マルベリー(MULBERRY)の2017年秋冬コレクションは、「New Heirlooms」がテーマ。
イギリスで生まれたマルベリーの根底にある英国の歴史と文化。ブランド設立当時の1970年代から受け継がれてきたアイデンティティをクリエイティブ・ディレクターのジョニー・コカがどう調理するか。クリエーションの起点はそこから始まっている。
インスピレーション源となったのは、1970年代当時のマルベリーにも影響を与えた、英国の乗馬および田舎の人々の暮らしだ。フランス語で“ル・スティル・アングレ”と呼ばれるこの要素は懐かしさと暖かさを併せ持っている。そこにコカは、都会的な要素、街の雰囲気を持ち込み、さらに様々な時代の断片をコラージュさせて、新しいスタイルを構築する。

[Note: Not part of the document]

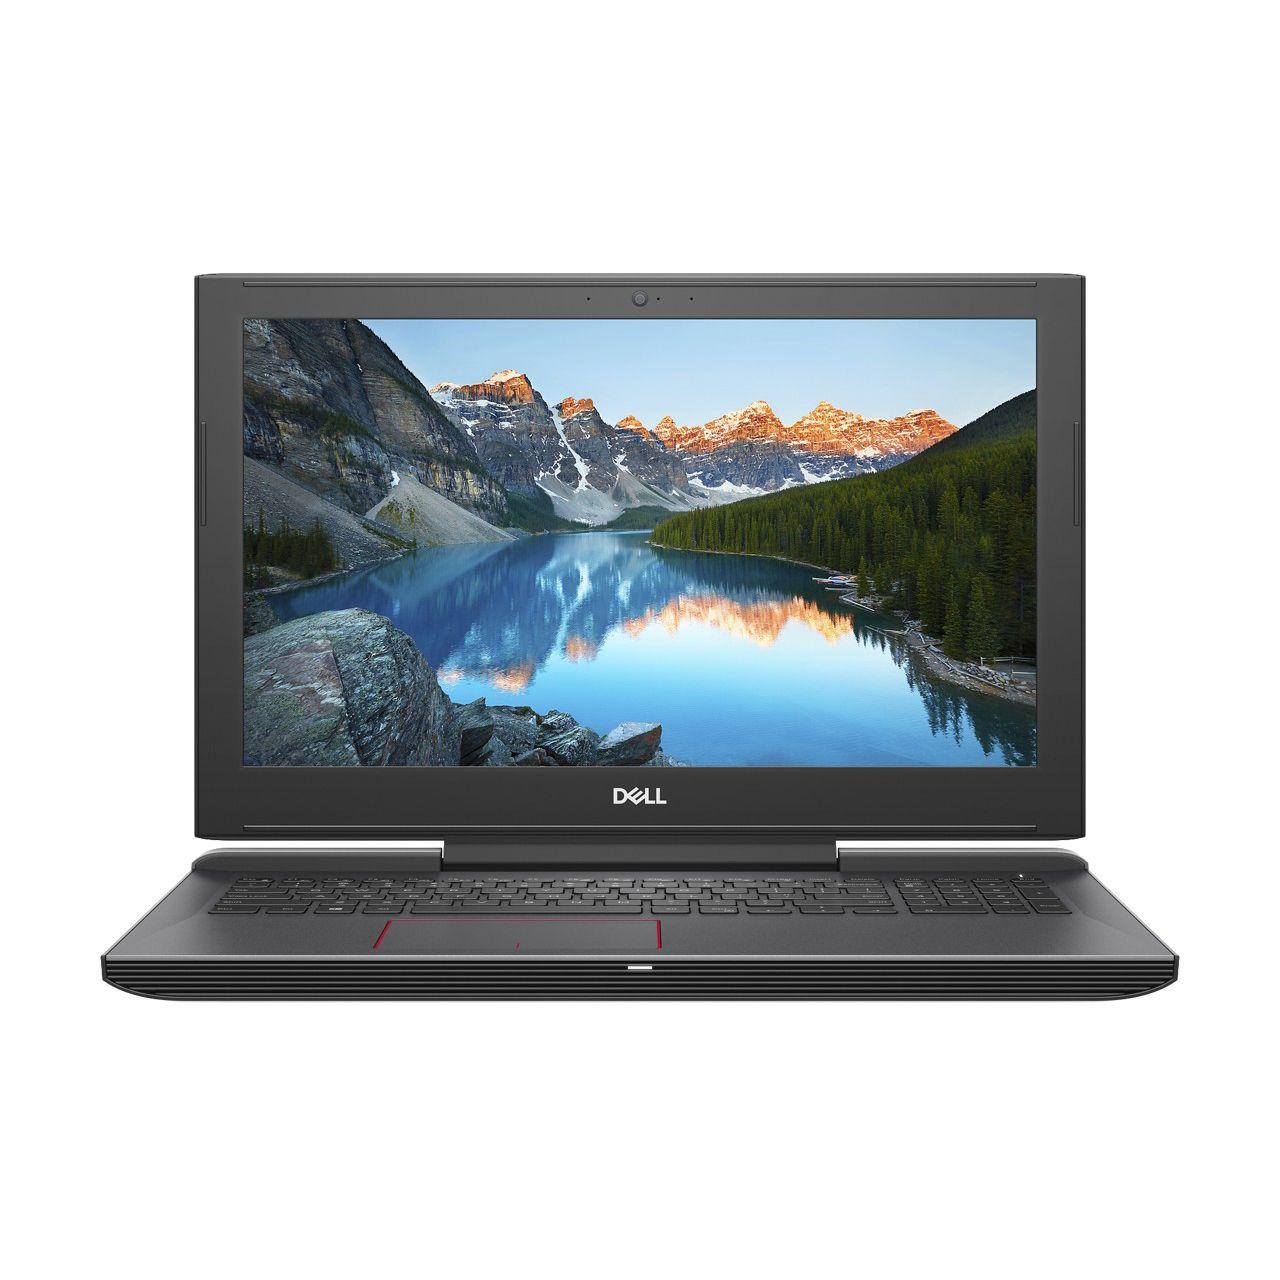 Notebook Dell Inspiron 7577 15.6 Full HD Intel Core i7-7700HQ GTX 1050 Ti-4GB RAM 16GB HDD 1TB + SSD 128GB Linux
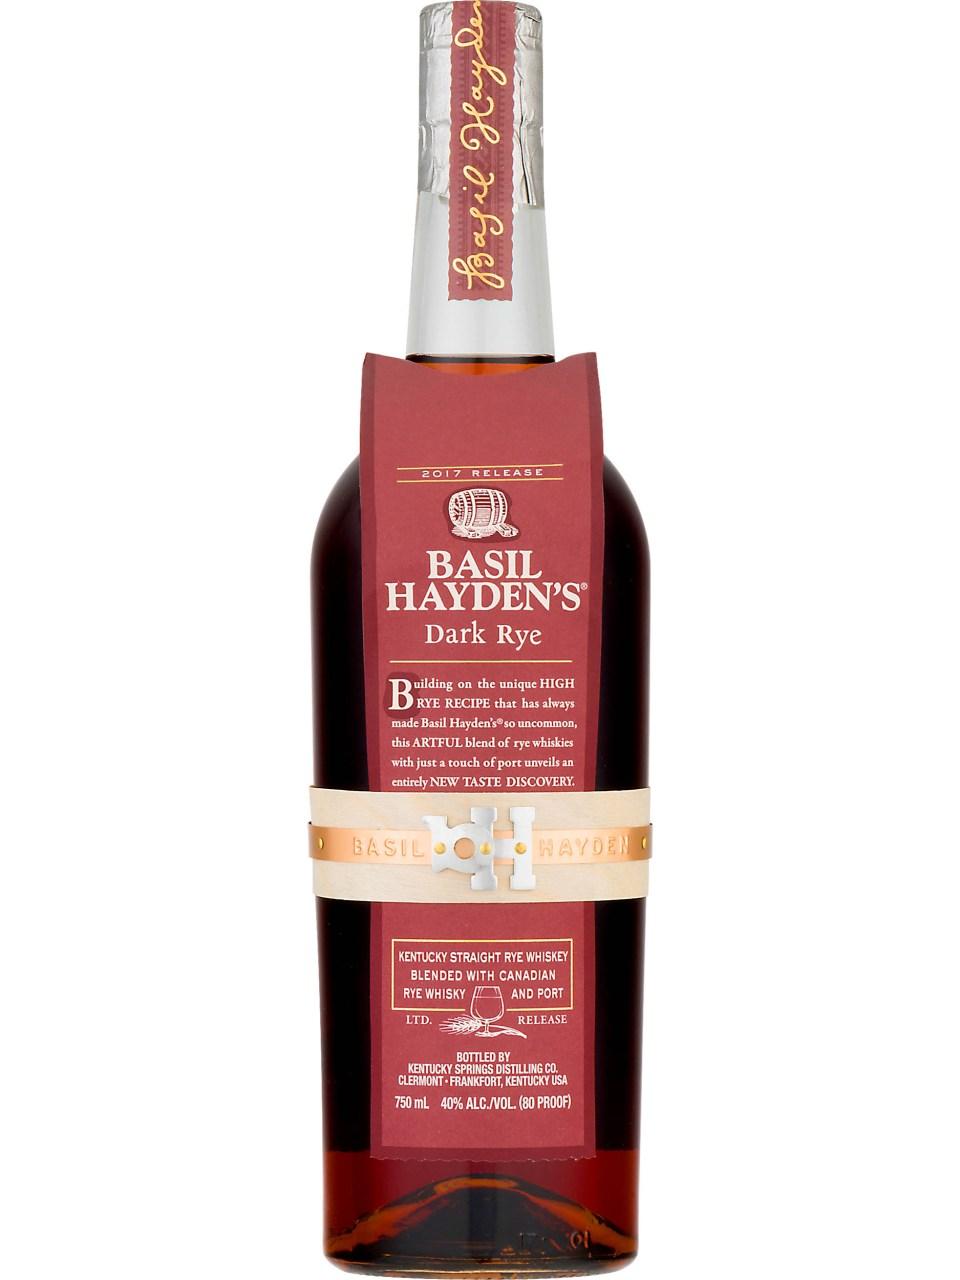 Basil Hayden Dark Rye Kentucky Straight Whiskey

コレクションの基盤となった田舎風ドレスは、細長いラインとゆったりとしたウエストがポイントだ。ドレスの上には、1920年代の装いを参考にしたレースや刺繍などをのせた。また、古い工芸品から着想した更紗コットンのかぎ針編みをジャケットの上、スカートの裾など至る所に散りばめて、手作り風の温かい空気を流し込む。
現代的な要素としては、機能性の充実が挙げられる。馬術から着想してスカートのサイドにはカッティングを。またキルティング素材も多用し、中にたくさん重ね着できるビックサイズのケープへと変身させた。
また、パンクの要素の取り込みもモダンな遊び心といえる。時折差し込んだニットソックスには、パンクミュージックから影響を受けたモヘアを使用。意表を突くのは素材だけでなく、足元から顔を出すミント、ウォリスブルー、パープルといった刺激的な色彩も同様だ。